● Data below
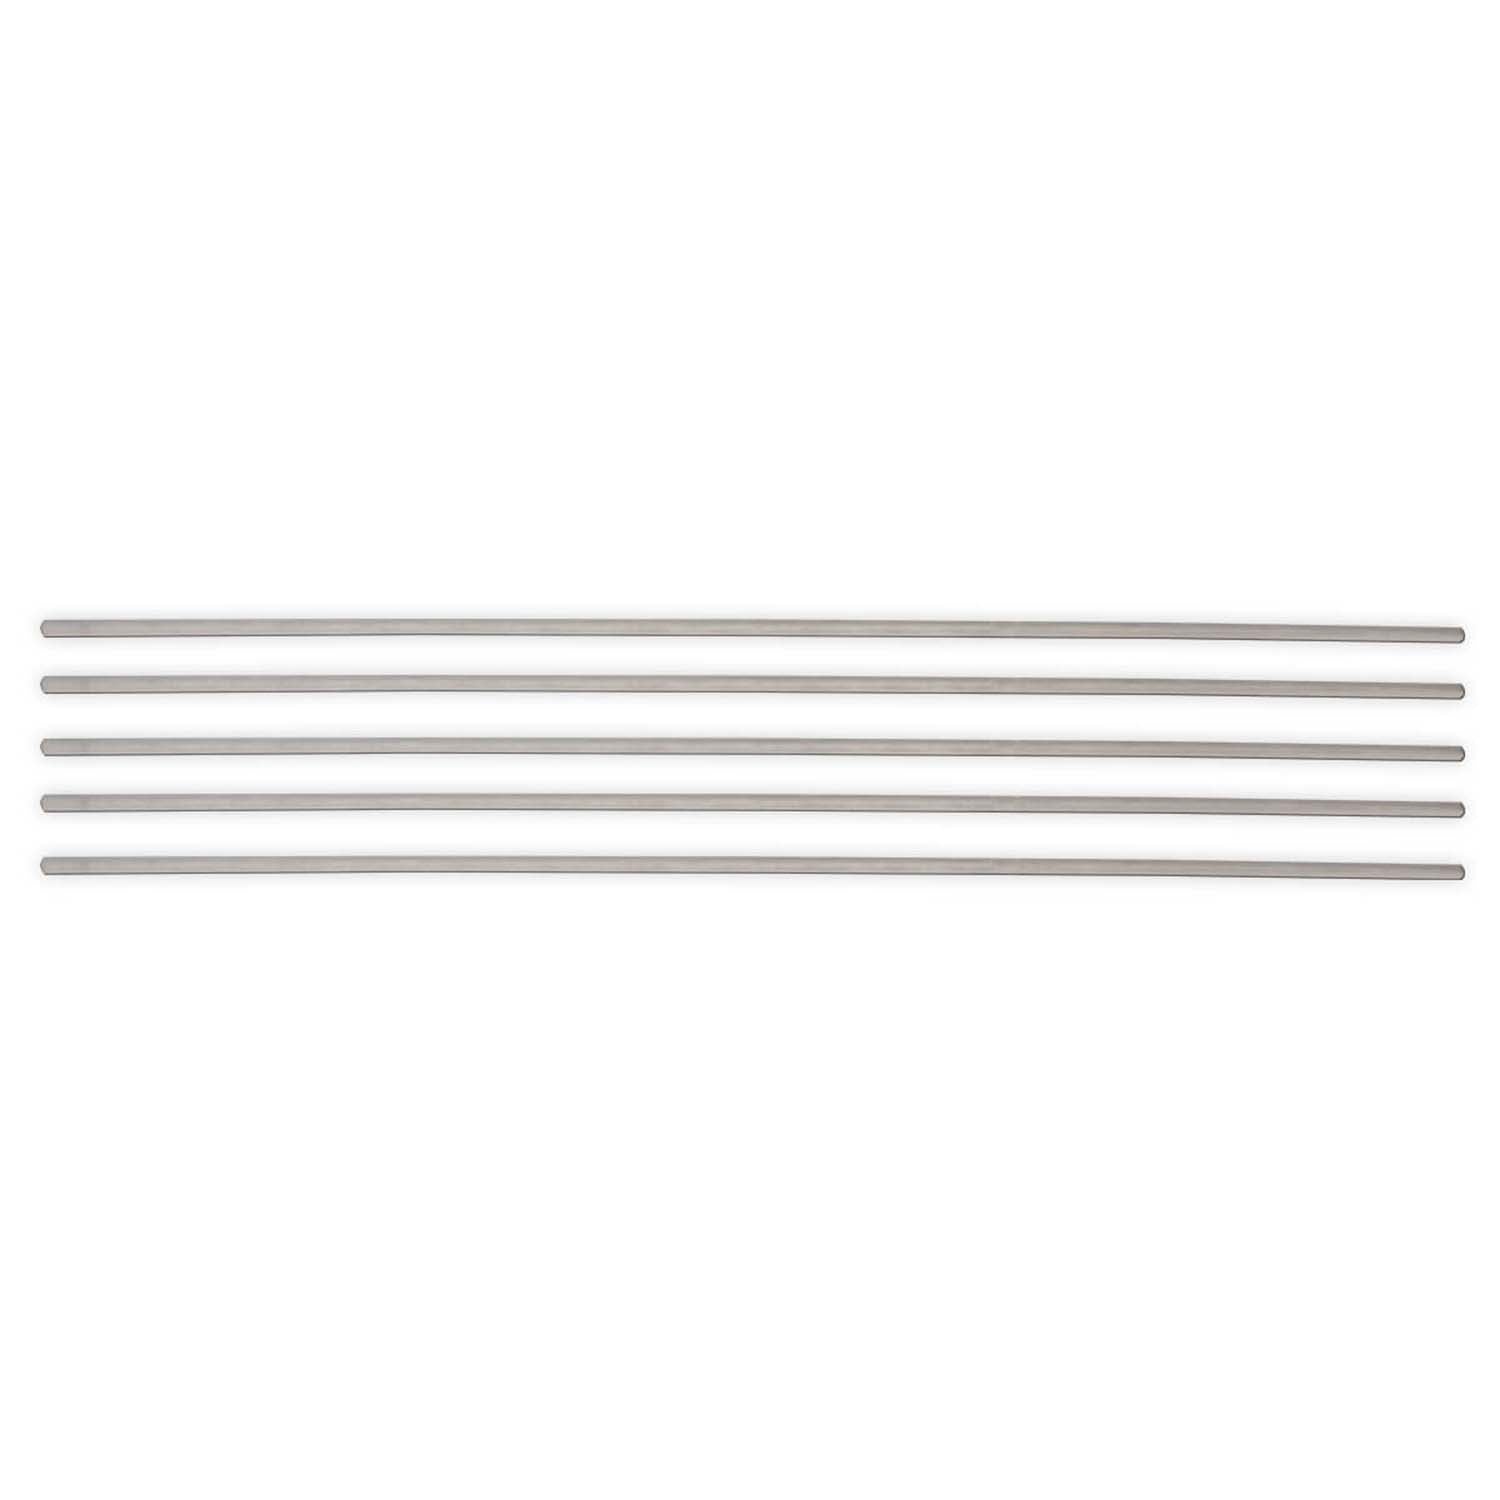 Level 5 Flat Box Replacement Blades (5-Pack)
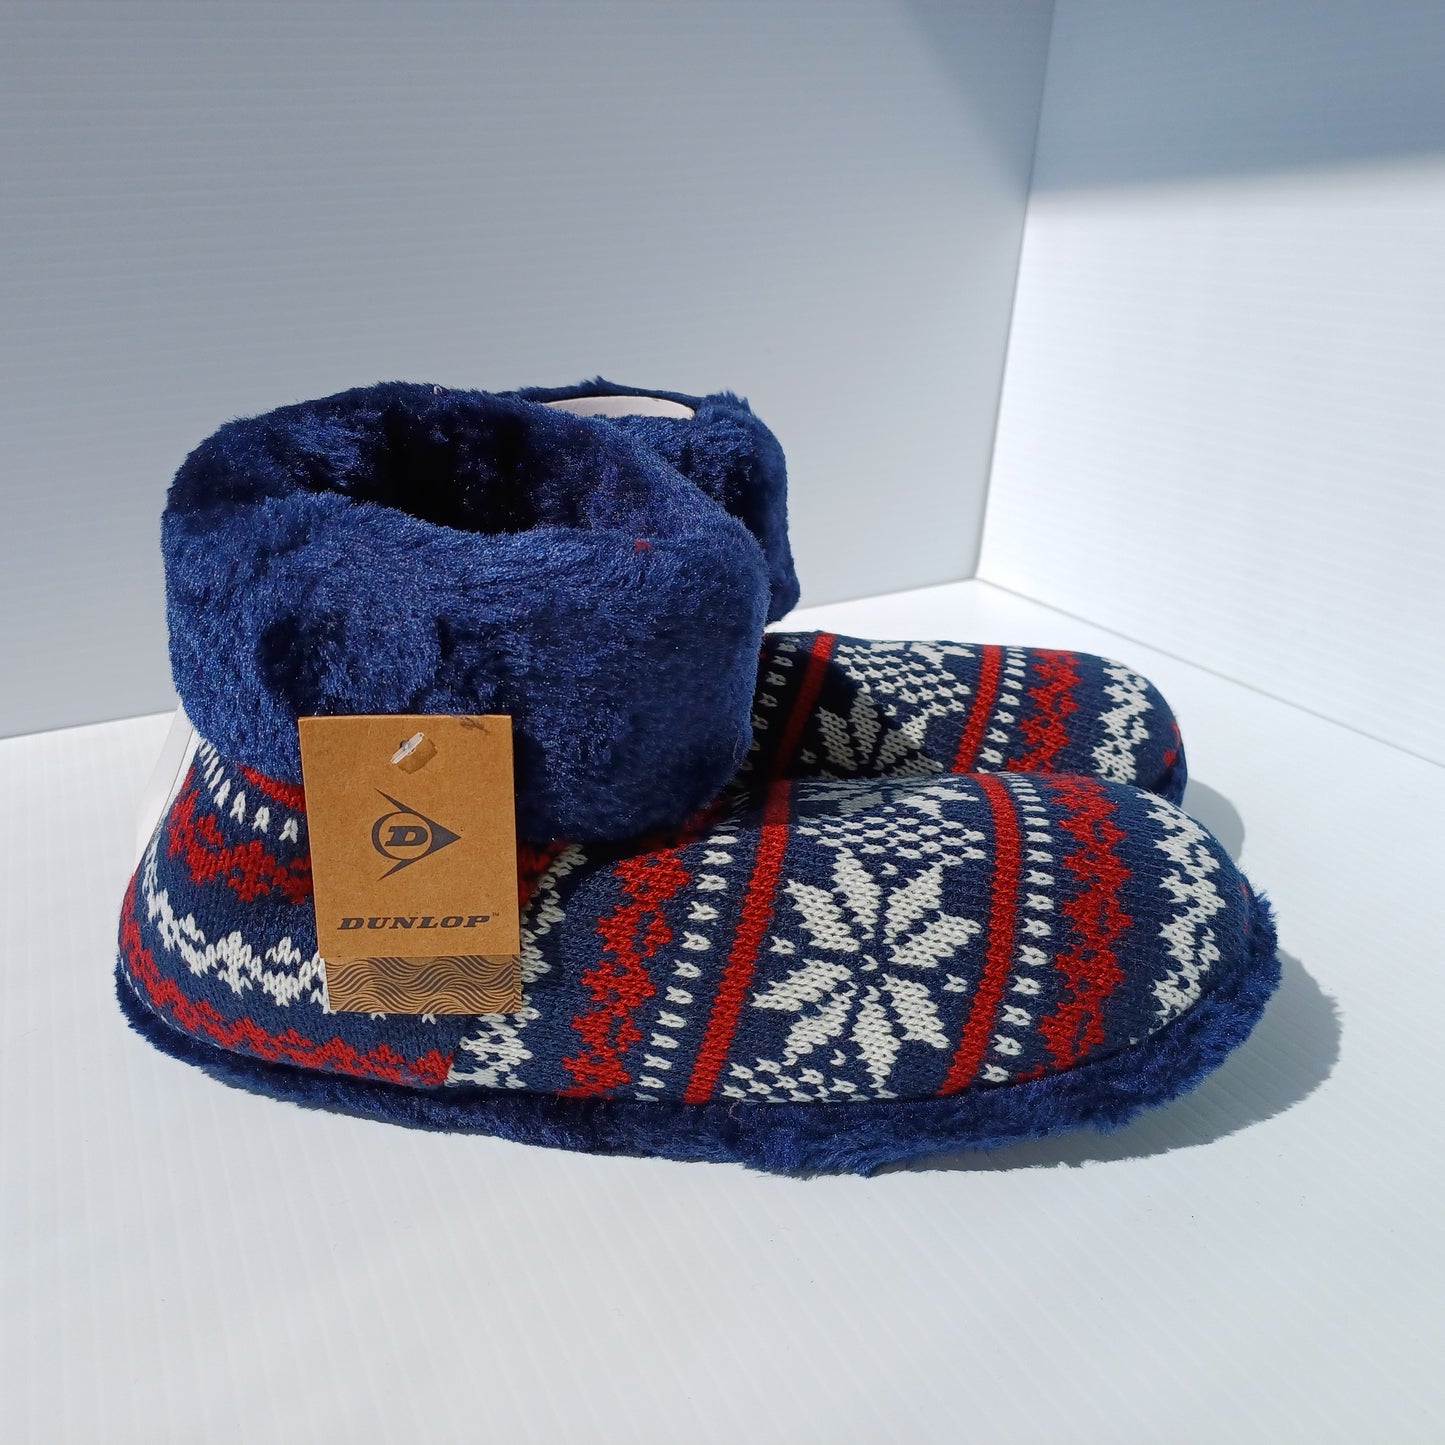 Blue Cozy Slippers
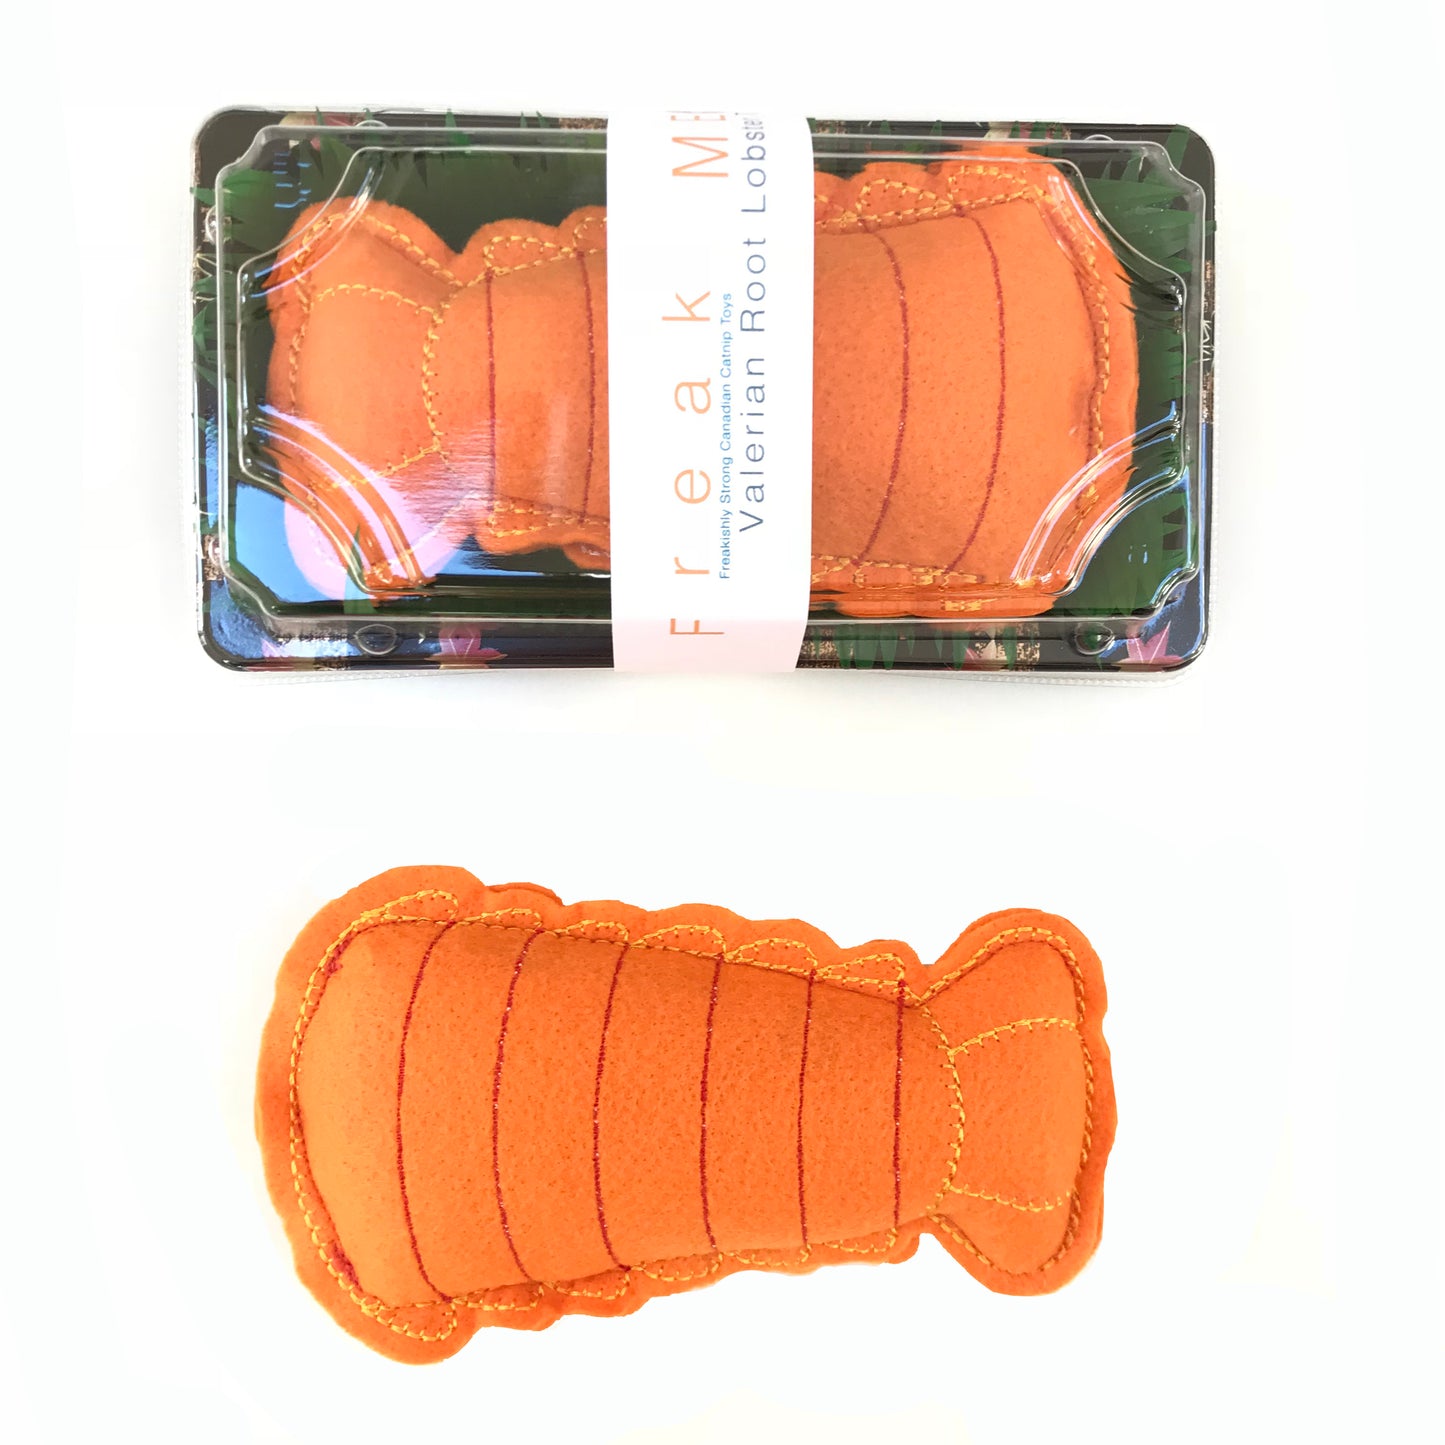 Freak Meowt Luxury Cat Toys, Gifts for Cats Valerian Root Lobster Tail, Best Cat Toys, Handmade in Wales

● Problem description
Where the line containing "Blue Cozy Slippers" appears above, start there and set down each line exactly through the last line of the data; leave out every picture.

● Response to the task
 Blue Cozy Slippers
 Freak Meowt Luxury Cat Toys, Gifts for Cats Valerian Root Lobster Tail, Best Cat Toys, Handmade in Wales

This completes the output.